Бедность была другим пороком, коим Тоби Накойчерт обязан был
врожденному недостатку своей матери. Он был беден до отвращения, а потому,
естественно, в риторических его фигурах никогда не слышался звон монет. Я не
припомню, чтоб он хоть раз сказал «Бьюсь об заклад на доллар». Нет, обычно
он говорил — «Готов спорить на что угодно», или «Пари на что угодно», или
«Пари на любую ерунду», или, наконец, что звучало, пожалуй, гораздо
внушительнее, — «Готов заложить черту голову!»
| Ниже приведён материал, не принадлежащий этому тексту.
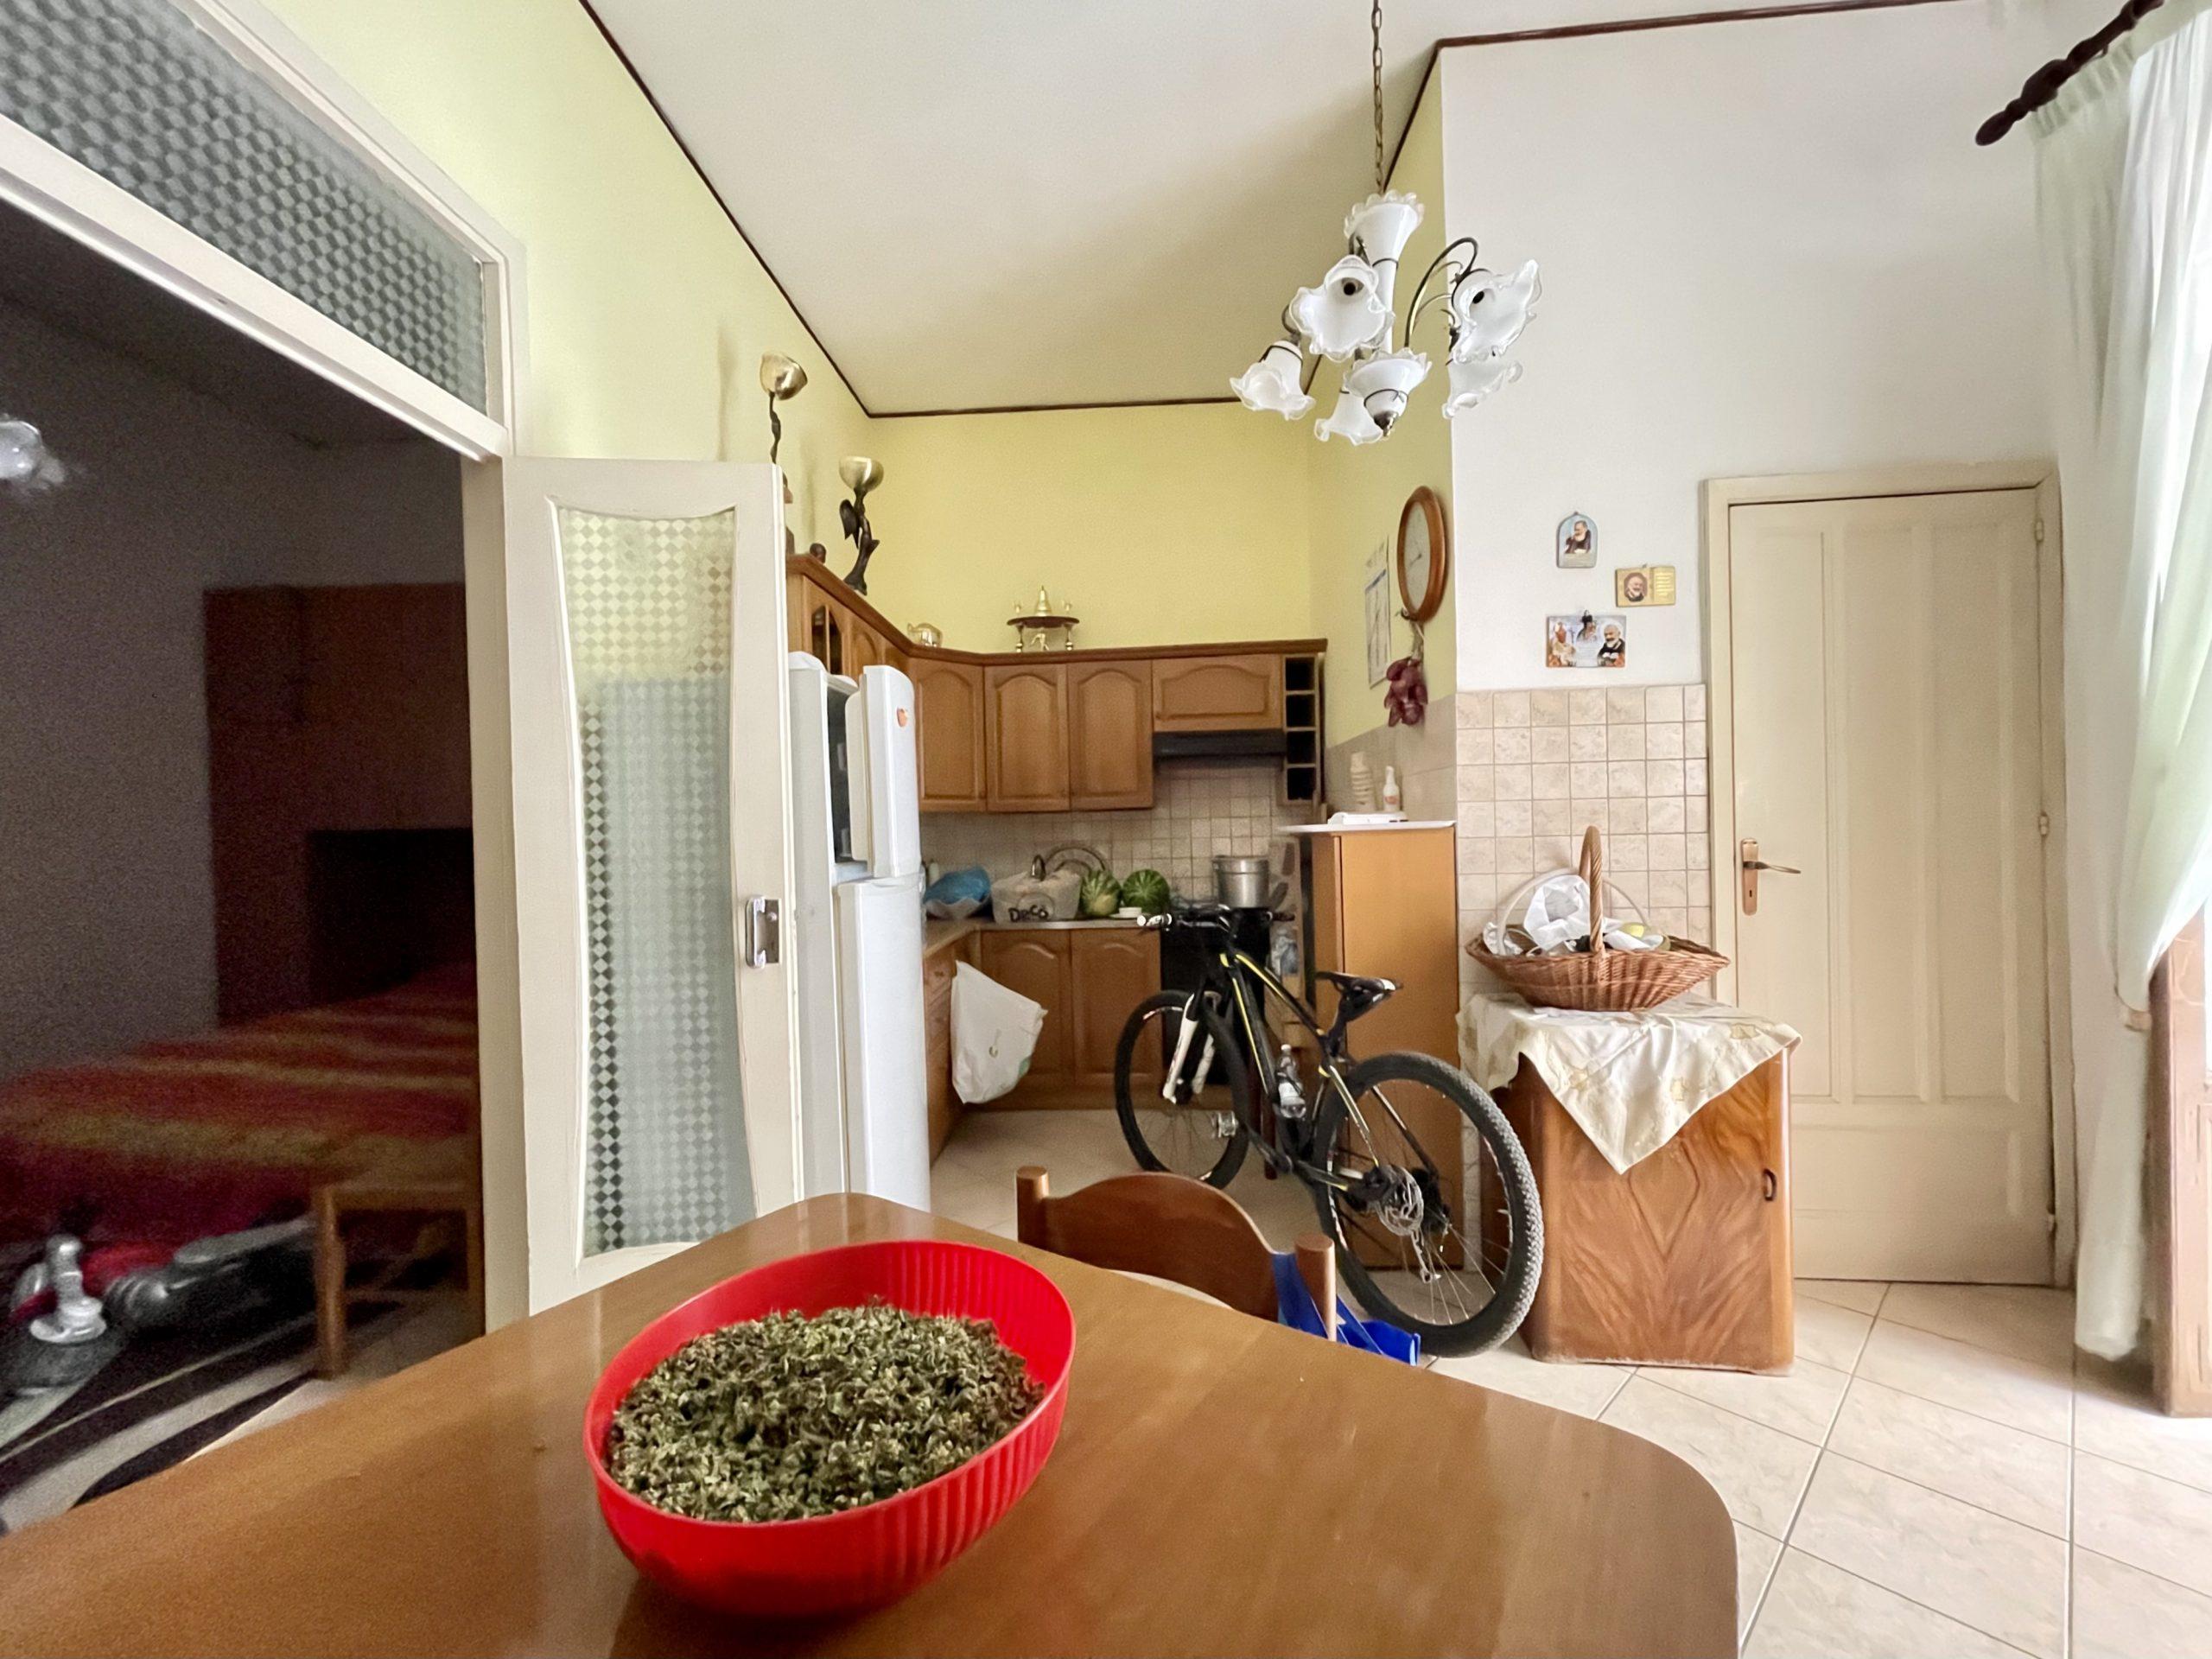 Casa indipendente a Partinico, Via Ricciardi

Эта последняя формула, видно, нравилась ему больше других, возможно,
потому, что риску тут было всего меньше, а Накойчерт в последнее время стал
крайне бережлив. Поймай его даже кто-нибудь на слове, что ж — невелика
потеря! Ведь голова-то у него тоже была невелика. Впрочем, все это просто
мои догадки, и я отнюдь не уверен, что поступаю правильно, приписывая ему
эти мысли. Как бы то ни было, выражение это с каждым днем нравилось ему все
больше, несмотря на чудовищное неприличие ставить в заклад, словно банкноты,
собственные мозги, но этого мой друг не понимал — в силу своей
испорченности, несомненно. Кончилось тем, что он отказался от всех других
формул и предался этой с таким усердием и упорством, что я только диву
давался. Впрочем, все это немало меня сердило, как сердят меня любые
обстоятельства, которых я не понимаю. Тайна заставляет человека думать — а
это вредно для здоровья. Признаюсь, было нечто неуловимое в манере, с
которой мистер Накойчерт выговаривал эту ужасную фразу, — нечто неуловимое в
самом произношении — что поначалу меня занимало, но понемногу стало
приводить в смущение — за неимением лучшего слова, позвольте назвать это
чем-то странным, хоть мистер Колридж назвал бы это мистическим, мистер Кант
— пантеистическим, мистер Карлейль — казуистическим, а мистер Эмерсон —
сверхвопросическим. Мне это не нравилось. Душа мистера Накойчерта была в
опасности. Я решил пустить в ход все свое красноречие и спасти его. Я
поклялся послужить ему так же, как святой Патрик {20*} в ирландской хронике
послужил жабе, то есть «пробудить в нем сознание собственного положения». Я
тотчас приступил к этой задаче. Снова я прибегнул к уговорам. Опять я собрал
все свои силы для последней попытки.
Как только я закончил свою проповедь, мистер Накойчерт повел себя самым
непонятным образом. Несколько минут он молчал — только смотрел с
любопытством мне в лицо. Потом склонил голову набок и вздернул брови. Потом
развел руками и пожал плечами. Потом подмигнул правым глазом. Потом повторил
эту операцию левым. Потом крепко зажмурил оба. Потом так широко раскрыл их,
что я начал серьезно опасаться за последствия. Затем приложил большой палец
к носу и произвел остальными неописуемые движения. Наконец подбоченился и
соблаговолил ответить.
Мне припоминаются лишь основные пункты этой речи. Он будет миг очень
признателен, если я буду держать язык за зубами. Ему мои советы не
требуются. Он презирает все мои инсинуации. Он уже не мальчик и может
позаботиться о себе сам. Я, видно, думал, что имею дело с младенцем? Мне что
— не нравится его поведение? Я что — решил его оскорбить? Я что — совсем
дурак? А моей родительнице известно, что я покинул домашний очаг? Он задает
мне этот вопрос как человек чести и почтет своим долгом поверить мне на
слово, Еще раз — он требует от меня ответа: знает ли моя матушка, что я
убежал из дому? Мое смущение меня выдает — он черту голову готов
прозакладывать, что ей это неизвестно.
Мистер Накойчерт не стал дожидаться моего ответа. Он круто повернулся и
без дальнейших околичностей покинул меня. Оно и к лучшему: чувства мои были
задеты. Я даже рассердился. Я готов был, против обыкновения, поймать его на
слове — и с удовольствием отплатил бы ему за оскорбление, выиграв для Врага
Человеческого небольшую головку мистера Накойчерта, — конечно, маменька моя
прекрасно знала о сугубо временном характере моей отлучки.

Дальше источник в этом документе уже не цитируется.